Sürdürülebilir Kalkınma Göstergeleri
Sürdürülebilir kalkınma göstergeleri halihazırda devam eden ve Birleşmiş Milletler tarafından yürütülen kalkınma planının içeriği hakkında bilgi verir. Bunlar on yedi ana maddeden oluşur ve dünya yaşamındaki her etmeni kapsar. Yoksulluğun bitmesi, açlığa bitmesi, sağlıklı ve nitelikli hayat, kaliteli yeterli eğitim, toplumsal cinsiyet eşitliği, , insana yakışır iş ve ekonomik büyüme ve diğer maddeler ile amaçlanan ortak payda toplumlar olarak aynı anda en yüksek refah seviyesine ulaşmak ve gelecek nesilleri garanti altına almaktır. Bu göstergeler dünyanın her yerinde aynı anlama gelmekte ve aynı amaç ile kullanılmaktadır. Göstergelerin içeriği tüm dünyadaki toplumların gereksinimleri ve ortak paydaları doğrultusunda hazırlanmıştır. Bu göstergeler aynı zamanda sorunları aynı olan insanlar için ortak bir dil niteliğindedir.

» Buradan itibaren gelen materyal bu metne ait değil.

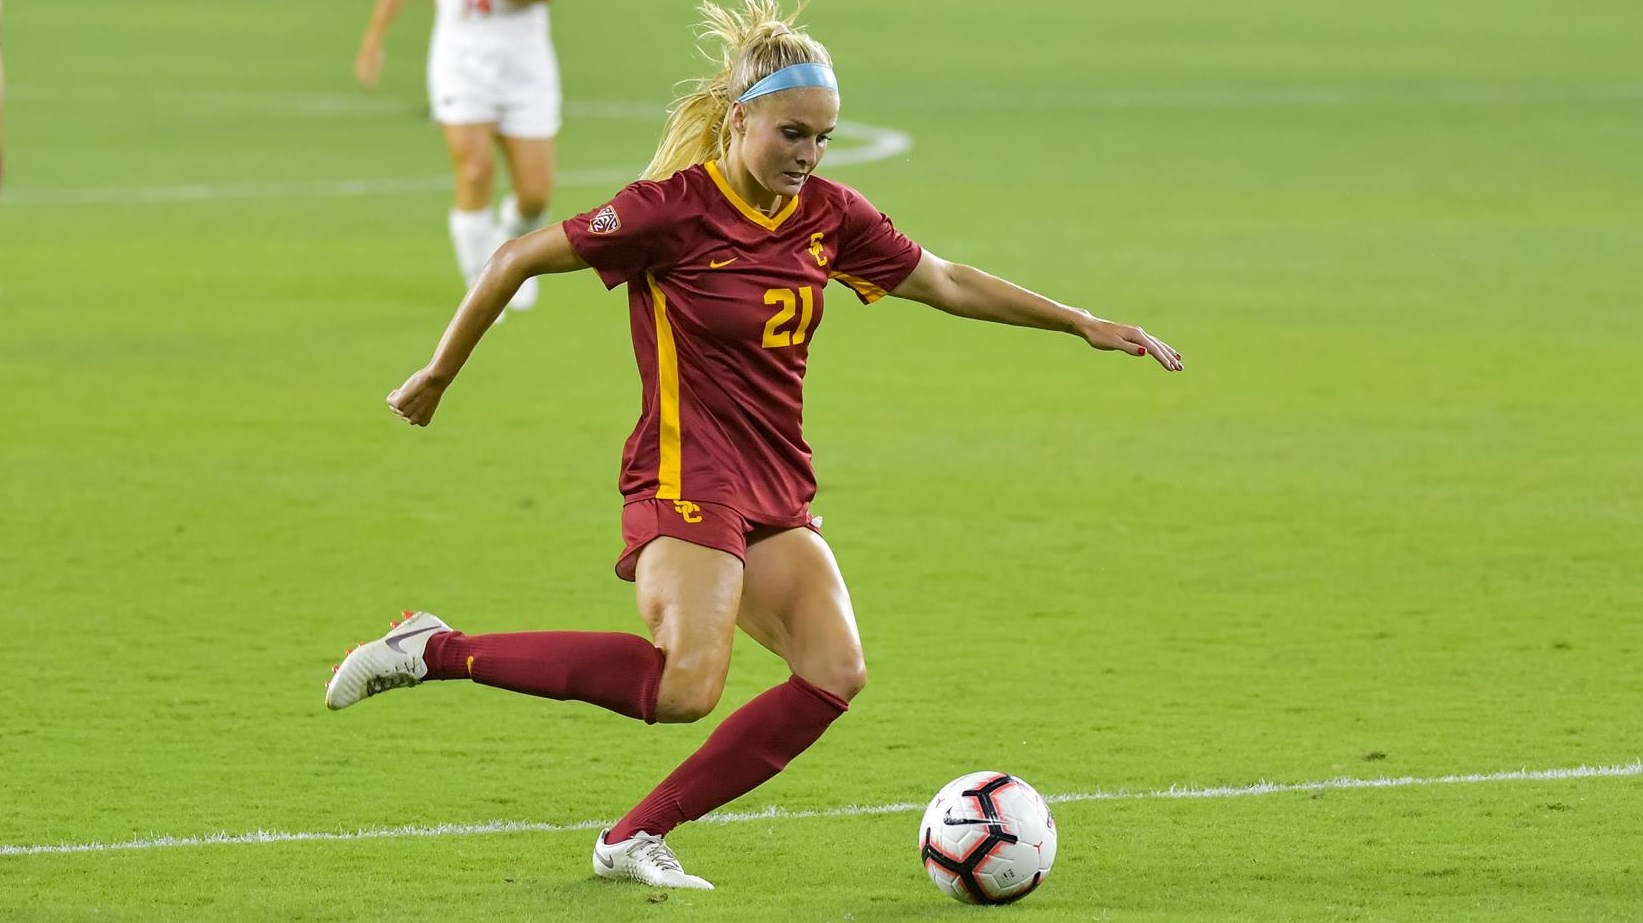 Washington Spirit select Natalie Jacobs 13th overall in 2020 NWSL Draft Featured Image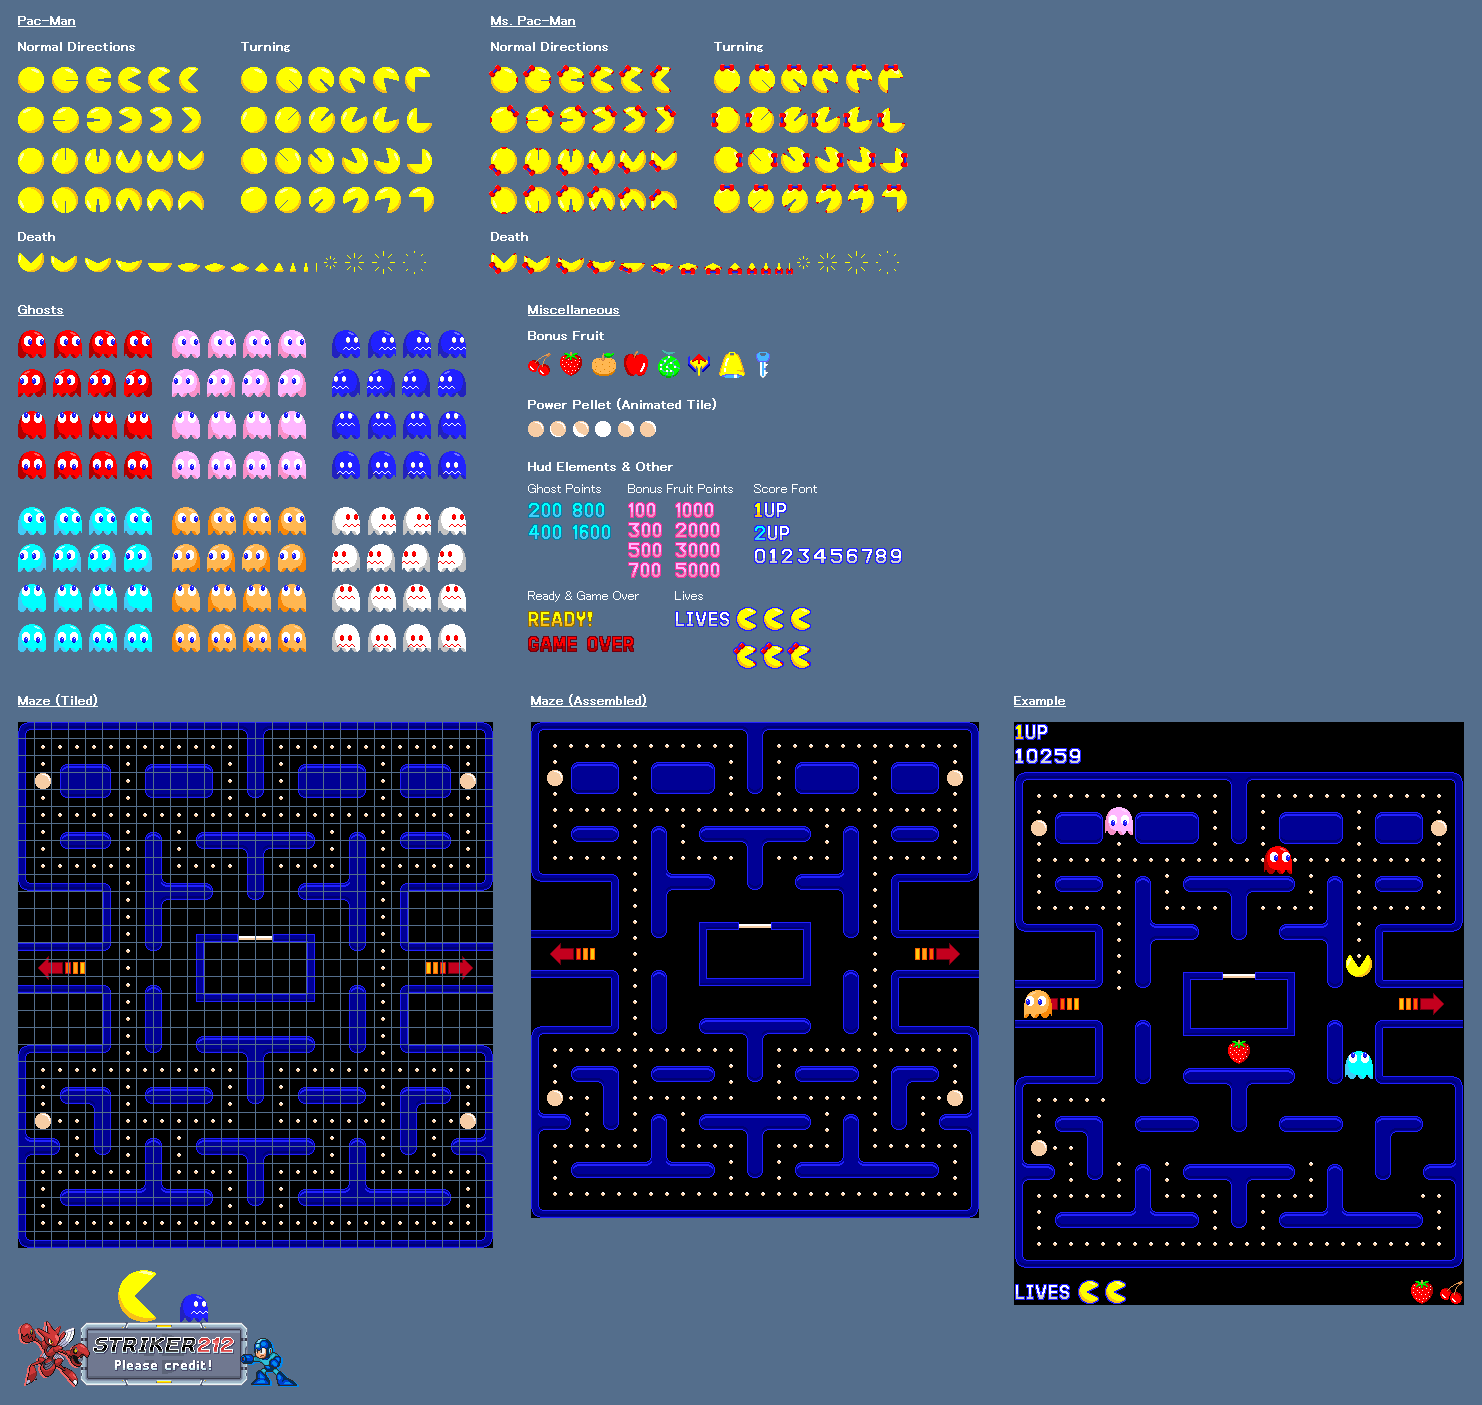 Pac-Man, Ms. Pac-Man, Ghosts, and Maze

Sürdürülebilir Kalkınma Projeleri
Sürdürülebilir kalkınma projeleri hem Türkiye hem de dünya genelinde birçok kamu kuruluşları ve sivil toplum örgütleri tarafından hayata geçirilmektedir. Son üç yılda ortak olarak kabul edilen Binyıl Bildirisi ve tüm dünya genelinde yayınlanan ve ortak bir karar ile kabul edilen bildiriler ile küresel ölçekte ortak bir karar alınıp harekete geçilmiştir. Türkiye de ise sürdürülebilir kalkınmayı desteklemek adına bir dizi proje hayata geçirilmiştir. Bunların bir kısmı Akdeniz bölgesindeki yüksek koruma değeri taşıyan ormanlık alanların korunmasına yönelik bir projedir. Bu ormanlık alanlardaki endemik bitki türü ve canlı türünün korunması ileriki nesillerin yaşamını olumsuz yönde etkilememesi adına yapılmış çalışmadır. Bu çalışma sayesinde Şanlıurfa ve sosyal ekonomik gelişim bakımından geride kalmış şehirlerin organik tarım yapan kesiminin yaşadığı problemleri çözmeyi amaçlamaktadır. Diğer çalışma ise Doğu Anadolu bölgesindeki riskli alanlarda bulunan mayınların temizlenmesi ve olası güvenlik problemlerinin meydana gelmesini engellemek amacıyla tasarlanmıştır. Bu proje sayesinde tehlike arz eden alanlar temizlenerek insan sosyal faaliyetlerinde kullanabileceği yerlere dönüştürülmüştür. Bu sayede ekonomik bir gelişme olmasıyla birlikte sosyal uyum güçlendirilmiştir. Sürdürülebilir kalkınma nedir? diye soracak olursanız özetle sürdürülebilir kalkınma sosyal yaşantıyı, ekonomik iyileştirmeyi, eşitliği, sağlıklı yaşamı, sürekli üretimi ve doğal kaynakların tüketimini kontrol etmeyi ve bu sayılan şartları iyi hale getirmeyi amaçlar.